* [Available data]
◇ ◇ ◇ ◇ ◇ ◇ ◇
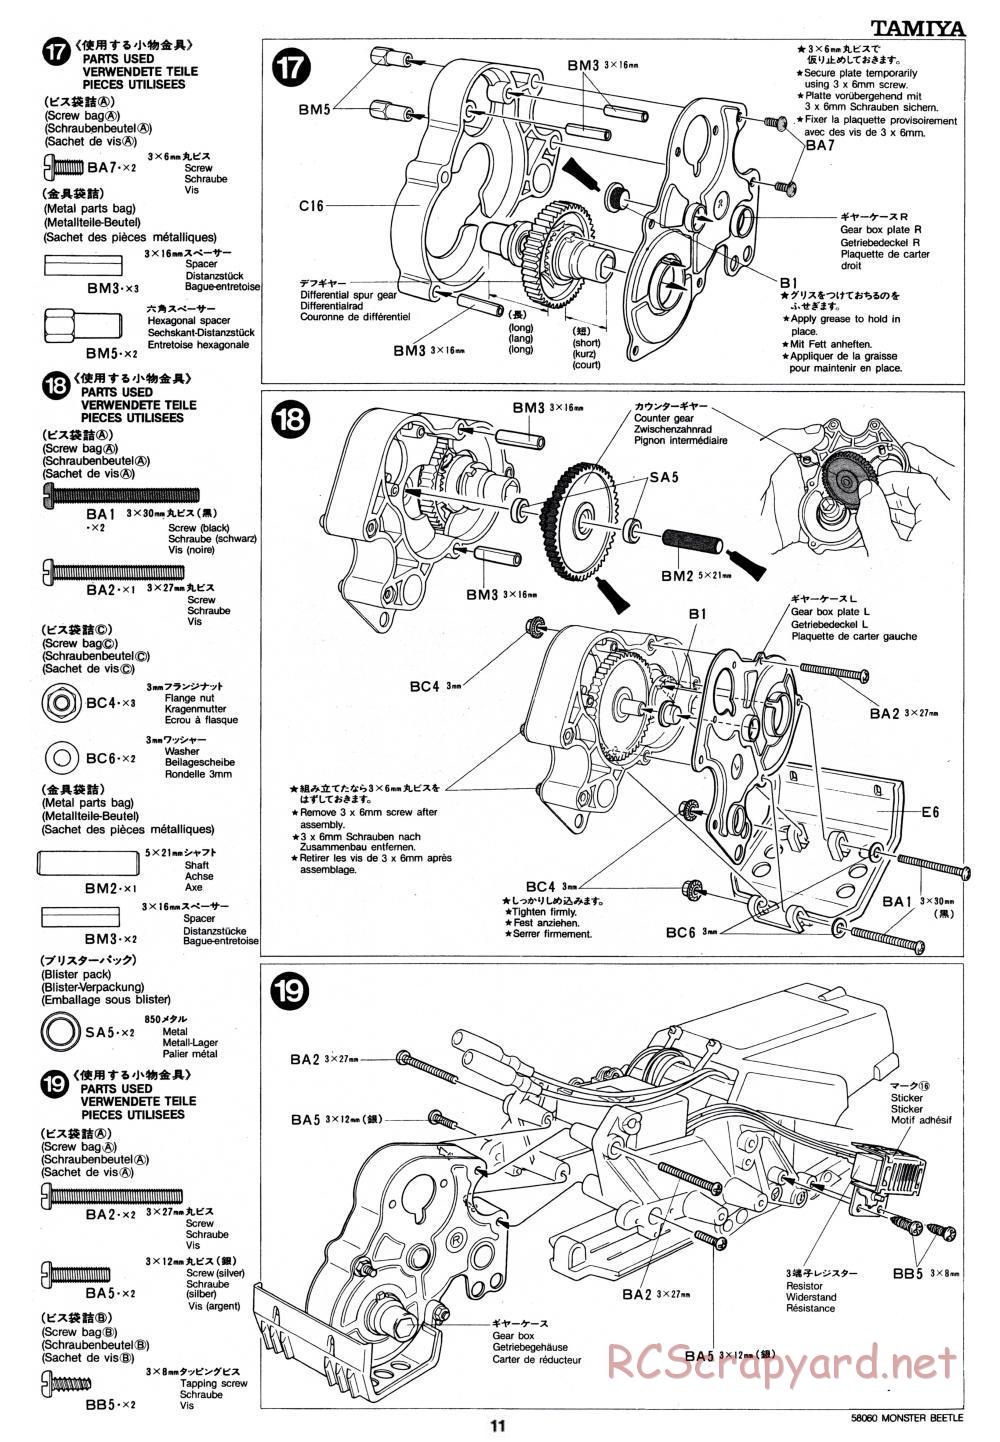 Tamiya - Monster Beetle - 58060 - Manual - Page 11
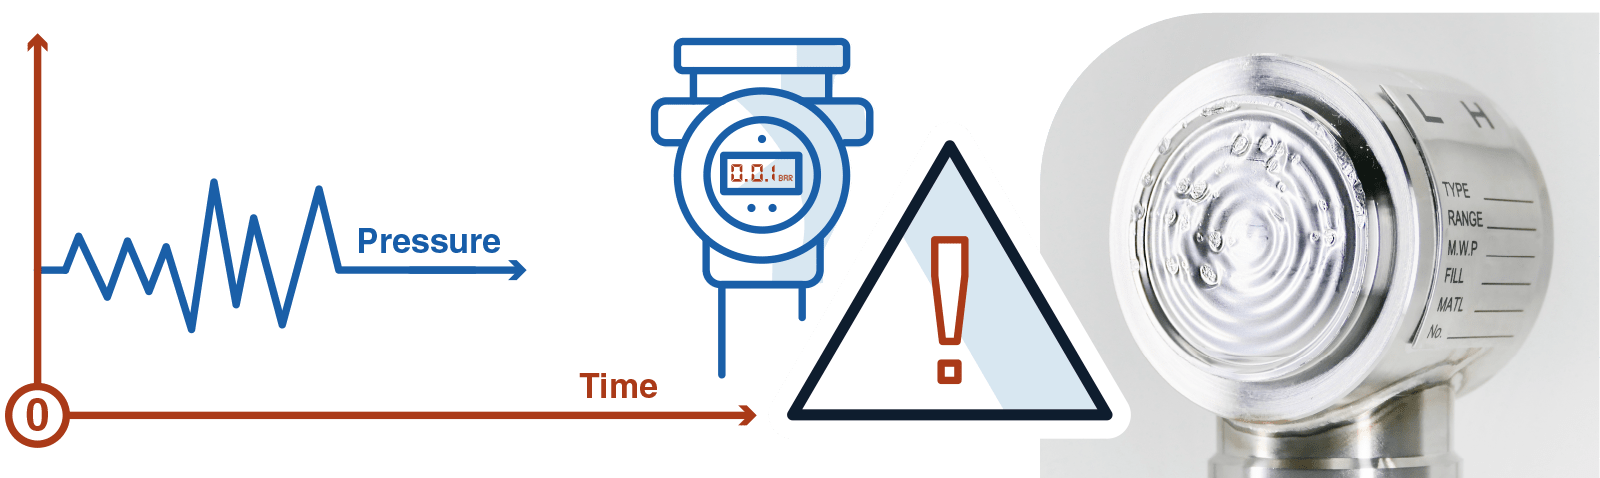 Measurement error on pressure transmitter due to mechanical wear or damage
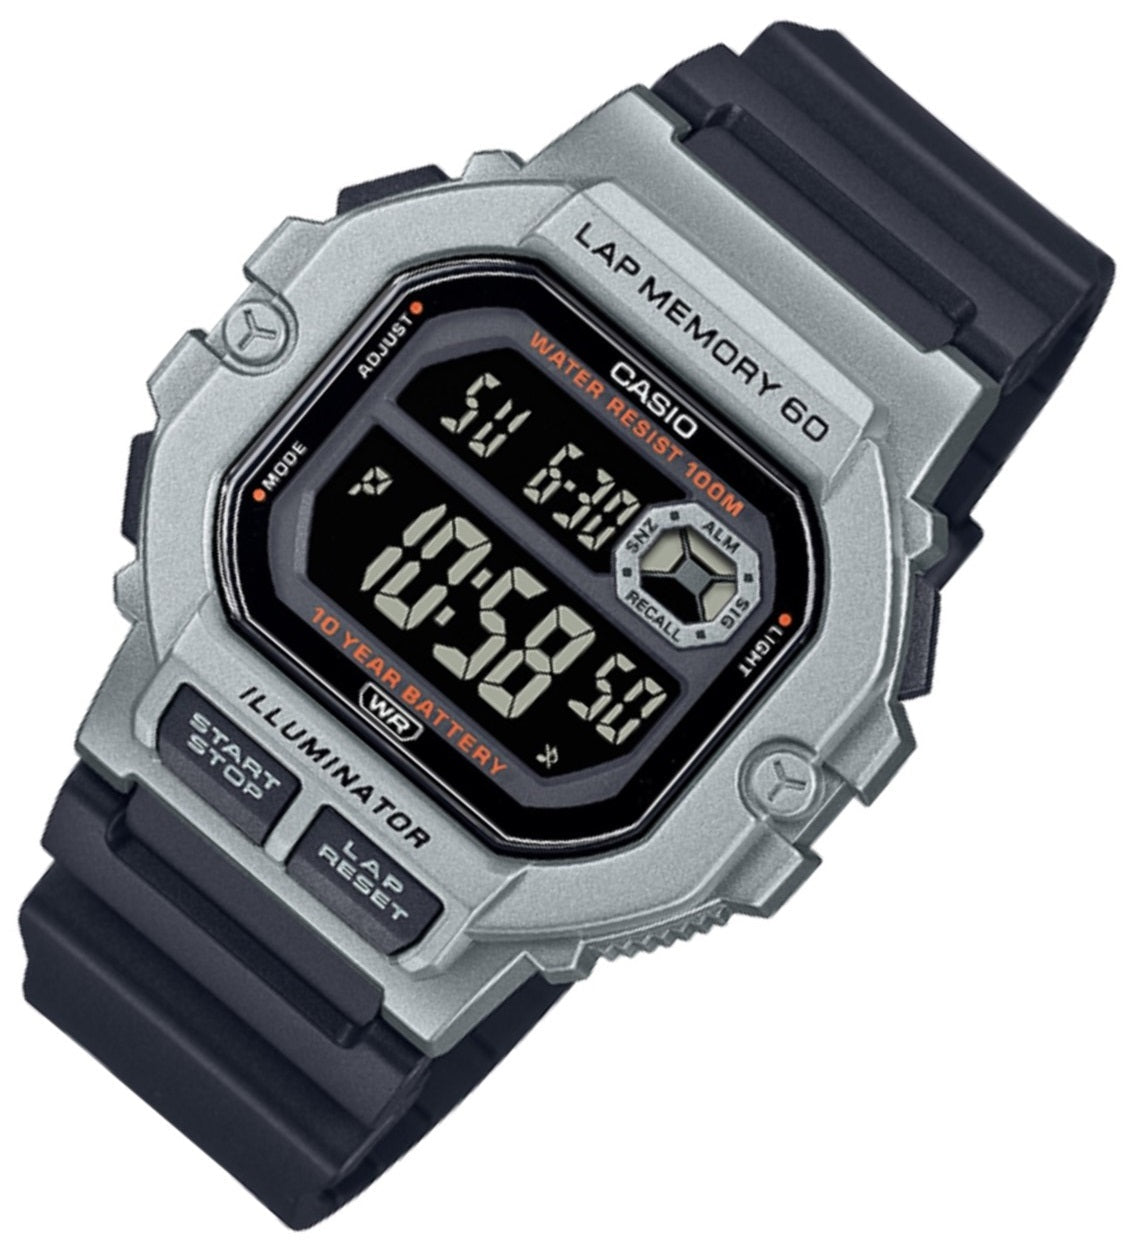 Casio WS-1400H-1B Black Resin Strap Watch for Men-Watch Portal Philippines
◇ ◇ ◇ ◇ ◇ ◇ ◇
* [Exercise directions] All of the listing above has to be reproduced exactly, though without its images.

* [Output of the exercise]
 Tamiya - Monster Beetle - 58060 - Manual - Page 11
 Measurement error on pressure transmitter due to mechanical wear or damage
 Casio WS-1400H-1B Black Resin Strap Watch for Men-Watch Portal Philippines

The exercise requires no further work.